Safety personnel practice water rescues
By ERIC LINDBERG — April 28, 2009
Victor Maccharoli - The US Coast Guard cutter Blackfin took part in the Oceans Operations Exercise 2009 along with other local agencies in a simulated jet crash off the Goleta Pier. The victims were played by UCSB students.
A slew of rescue swimmers, emergency personnel and medics participated in an annual ocean water rescue drill off the coast of Goleta Beach yesterday, simulating the crash of a regional jet.
Faced with the scenario of a jet carrying 33 people that went down after hitting a bird, rescue crews deployed an array of equipment that ranged from jet skis and paddleboards to helicopters and ocean patrol vessels.
The large-scale drill brought in safety agencies from Ventura to Vandenberg Village, and included many local fire departments.
“Training is everything if you’re a firefighter,” said Capt. David Sadecki of the Santa Barbara County Fire Department.
A large focus of the drill centered on improving communication and coordination between the various agencies.
“We’re getting everyone together and making sure we’re on the same page,” Sadecki said. “…Everyone has a slightly different way of doing things.”
Safety personnel replicated the downed aircraft by strapping together a handful of small rafts. After loading up a group of volunteers from UC Santa Barbara and the Red Cross, water rescue crews towed the rafts to a location several hundred feet from the Goleta Pier.
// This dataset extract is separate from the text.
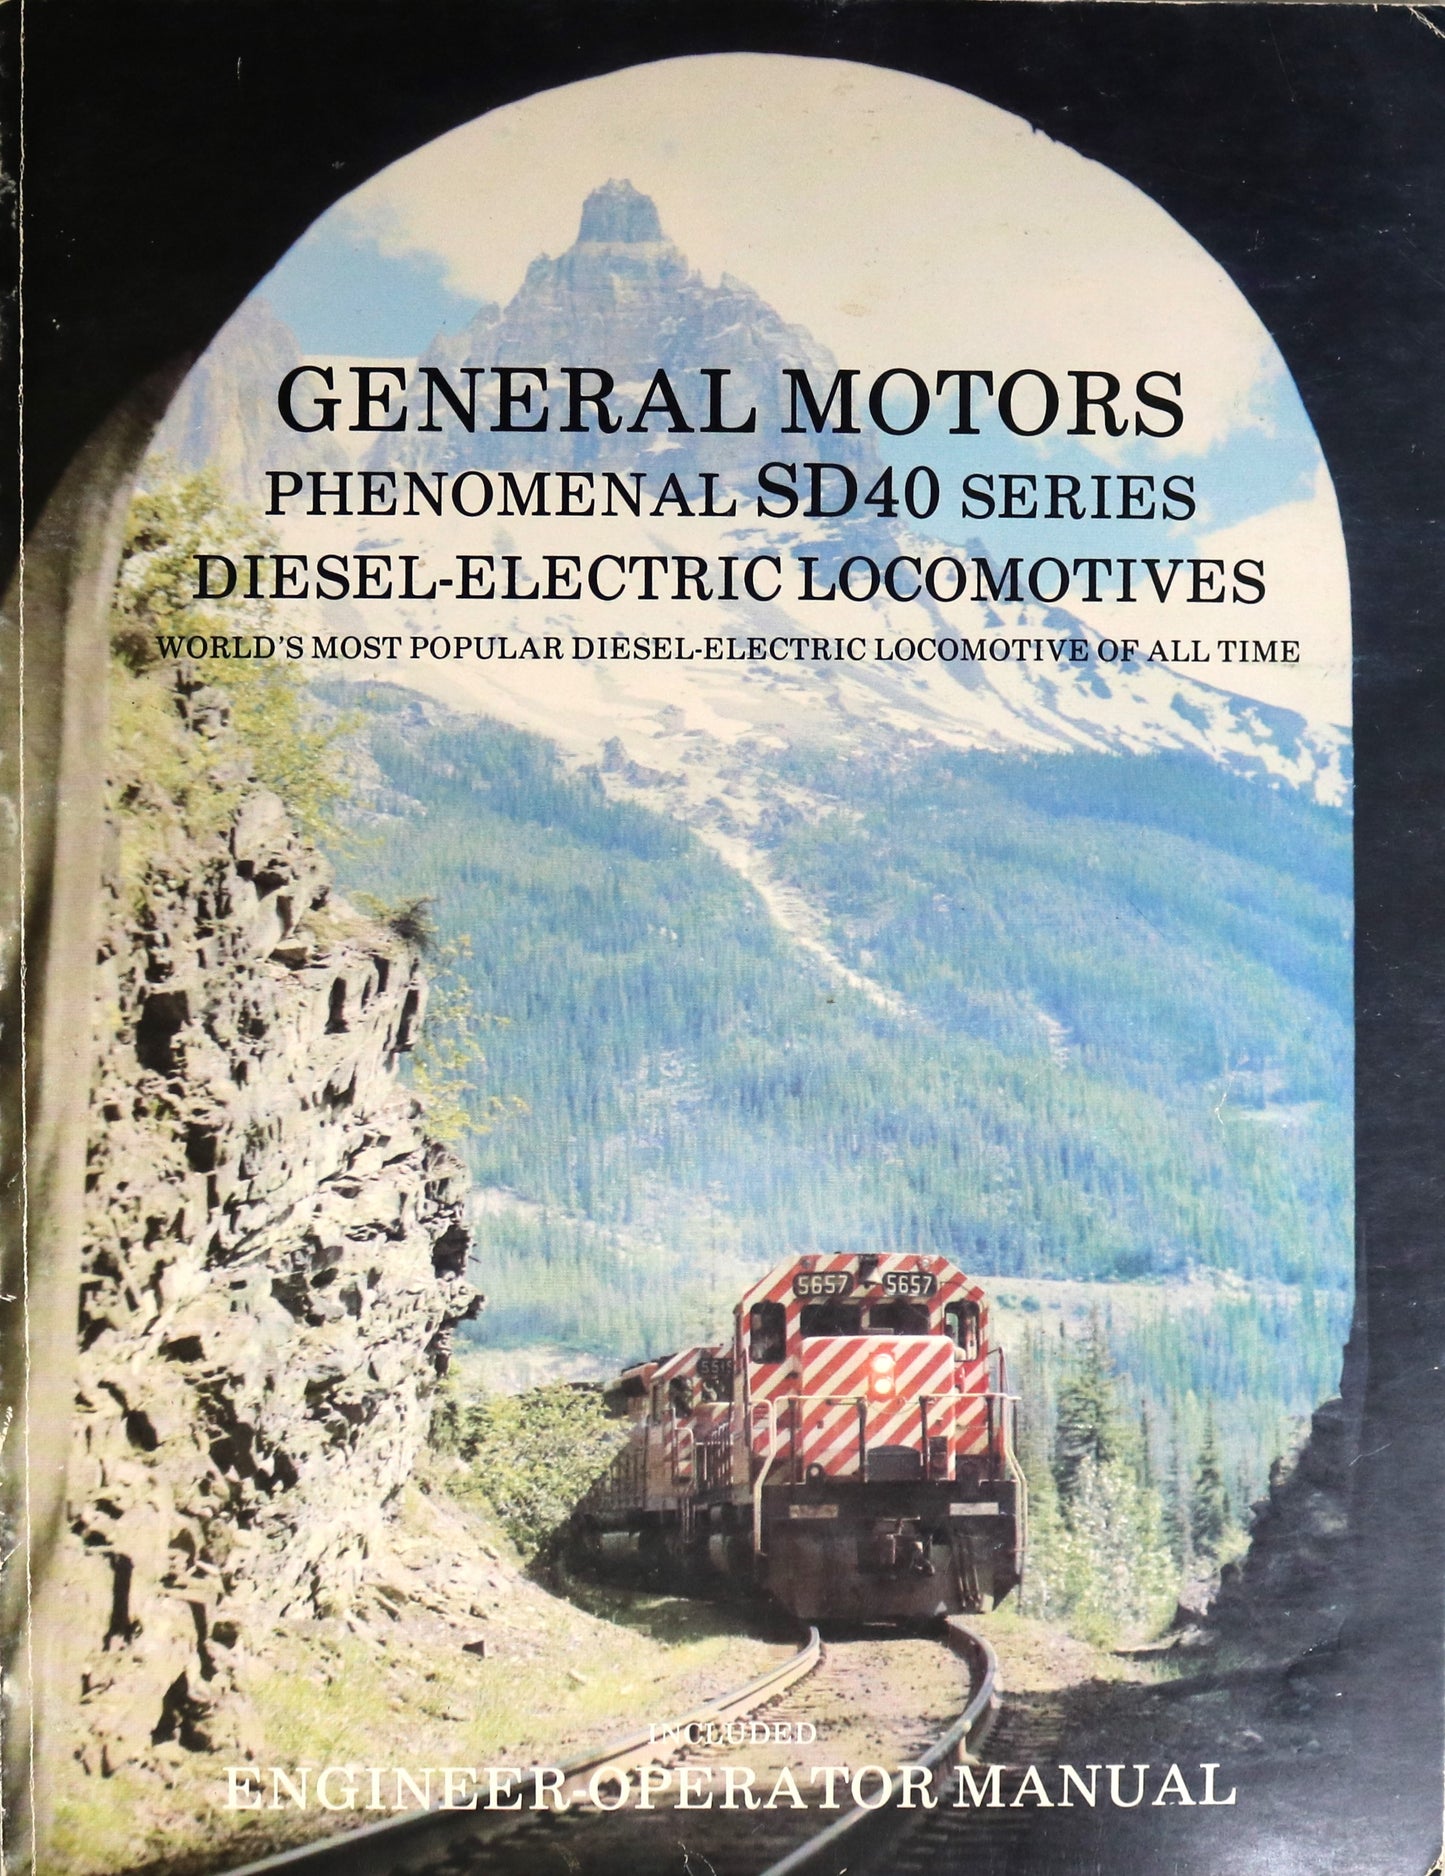 General Motors Phenomenal Diesel-Electric Locomotives Railway Railroad History Book

In the meantime, firefighters and rescue workers suited up in wet suits and protective gear, launched jet skis and started setting up a triage tent to treat the “victims.”
Once the drill started, a flurry of activity could be seen in the air and water. Jet skis raced toward the crash scene, while a County Fire helicopter dropped a few rescue swimmers into the water.
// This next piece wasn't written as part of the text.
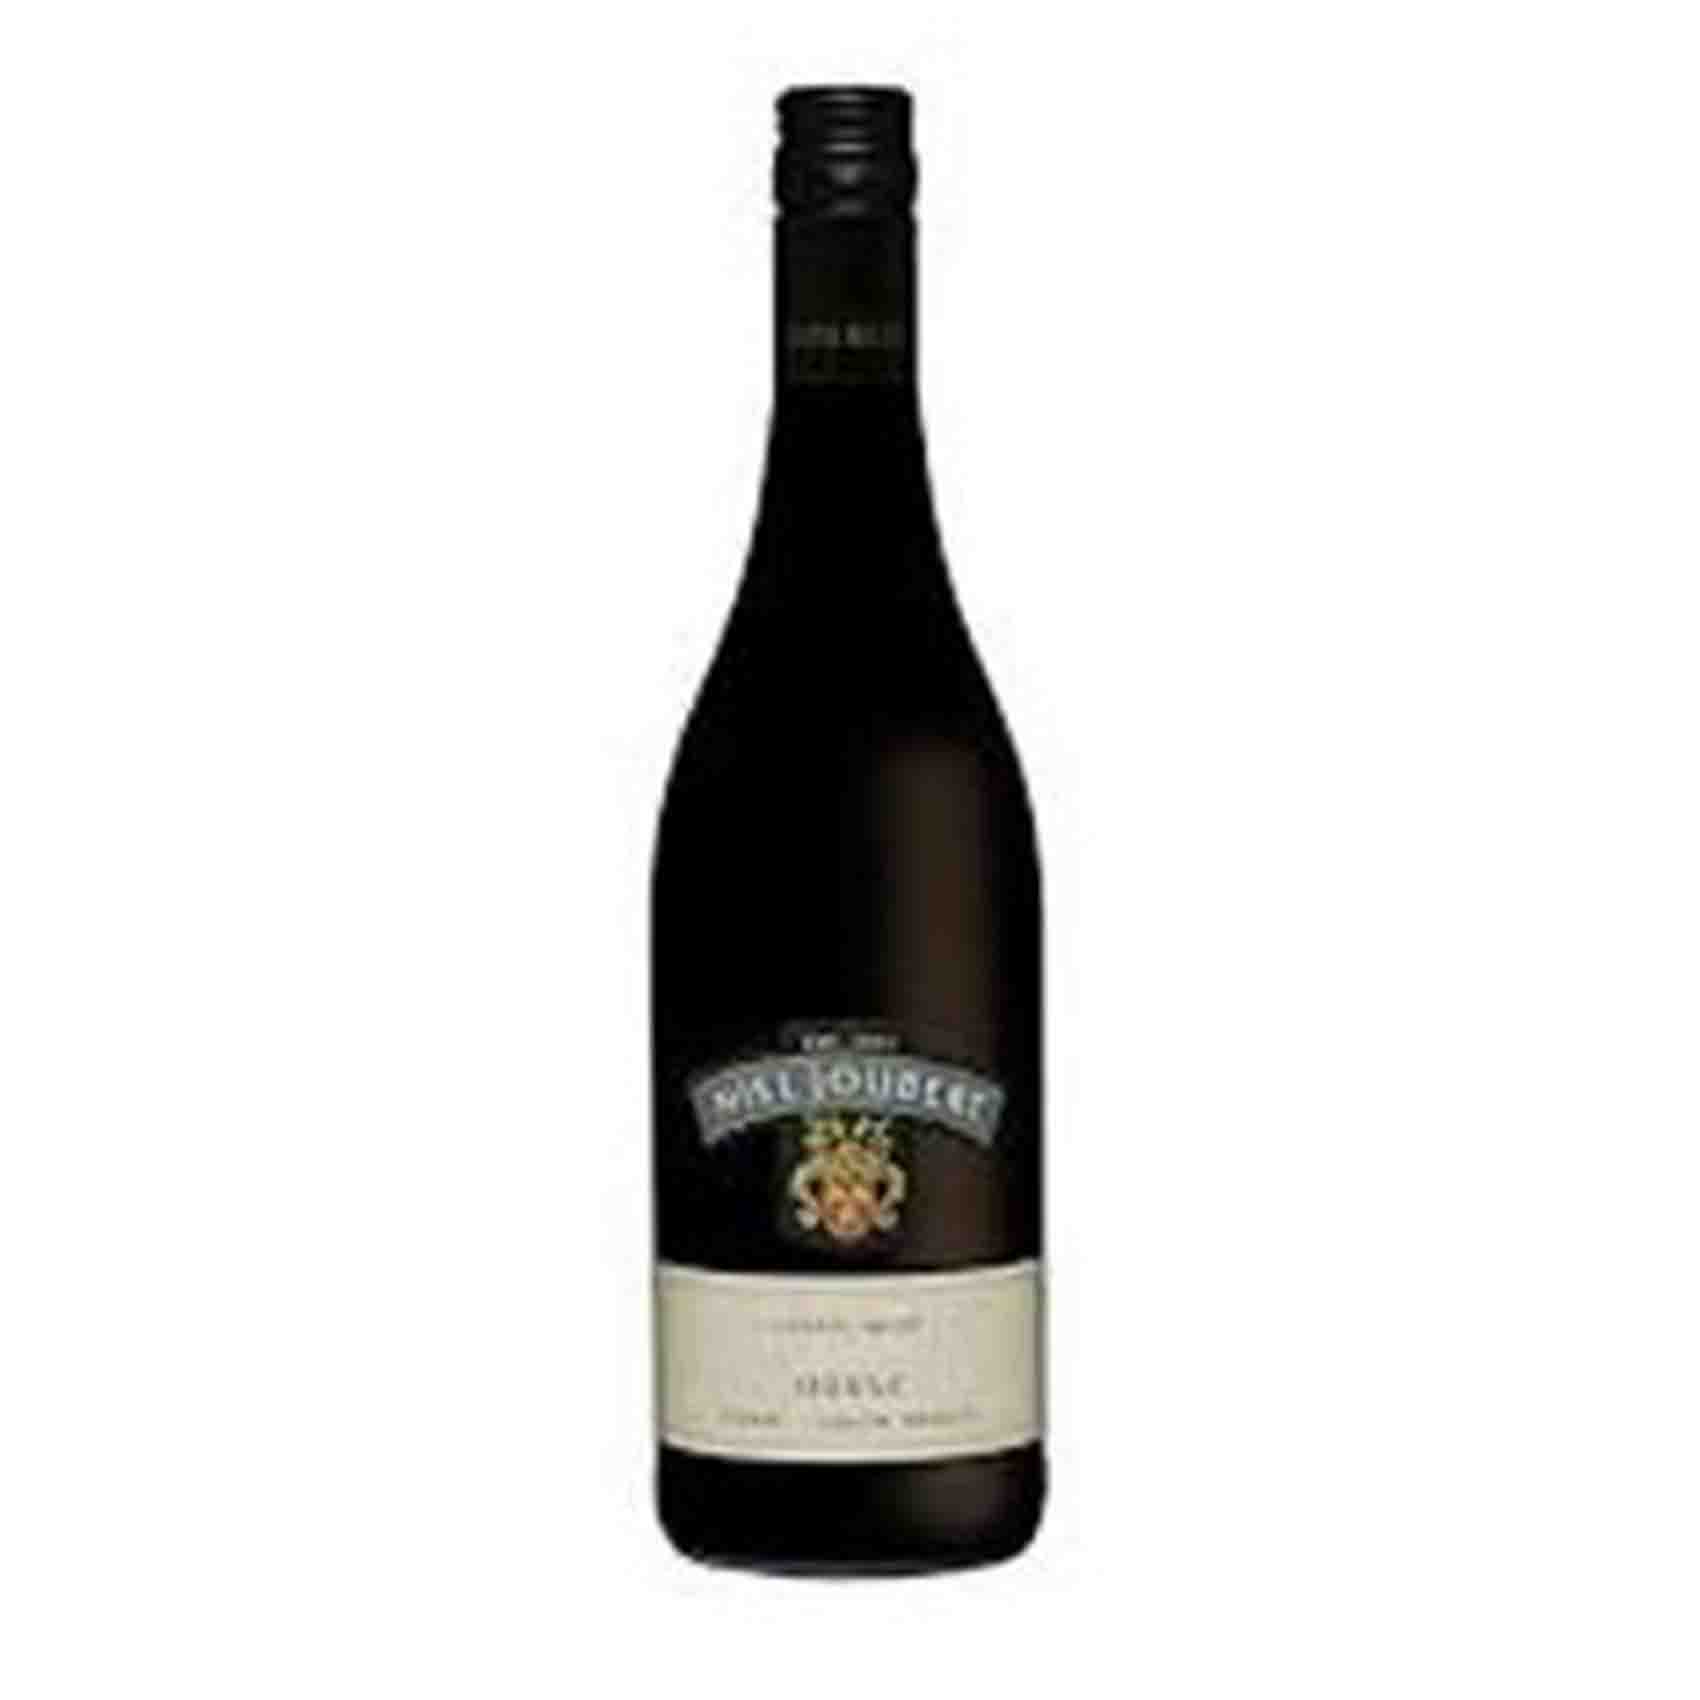 Niel Joubert Patrysbult Pinotage Red Wine 750Ml

Rescuers transferred the most severely injured victims — those outfitted with a red armband — to the Coast Guard cutter Blackfin, where they received treatment before being ferried to the shore.
Other yellow-tagged and green-tagged victims, representing less severely injured patients, were taken to the pier or the beach. Rescue workers carried them up the sand to the triage tent, where members of the county’s Medical Reserve Corps began tending to their wounds.
Helicopter operators from the County Fire Department practiced hoisting rescue swimmers back into the air, while the orange Coast Guard chopper carefully lowered a rescue basket containing a “victim” to the deck of the Blackfin.
Sadecki said the main purpose of the drill is to keep rescuers sharp and well-versed in the skills needed for a major water rescue.
“If it happens for real, we’re going to be able to act quickly and react without thinking,” he said.
Although the rescue teams had their equipment in place along Goleta Beach prior to the drill, Sadecki said that equipment is typically stationed nearby anyway, resulting in a quick response to any major ocean emergency.
Getting to victims quickly is critical, he said, particularly in cold, windy weather with strong ocean currents.
“A lot of it is the elements,” he said. “Hypothermia is the big issue once the plane lands in the water safely.”
He pointed out the crash-landing of a large jet in the Hudson River earlier this year as a prime example of a successful water rescue.
“It was up to the firefighters and the rescuers in the boats to get those people to safety,” Sadecki said.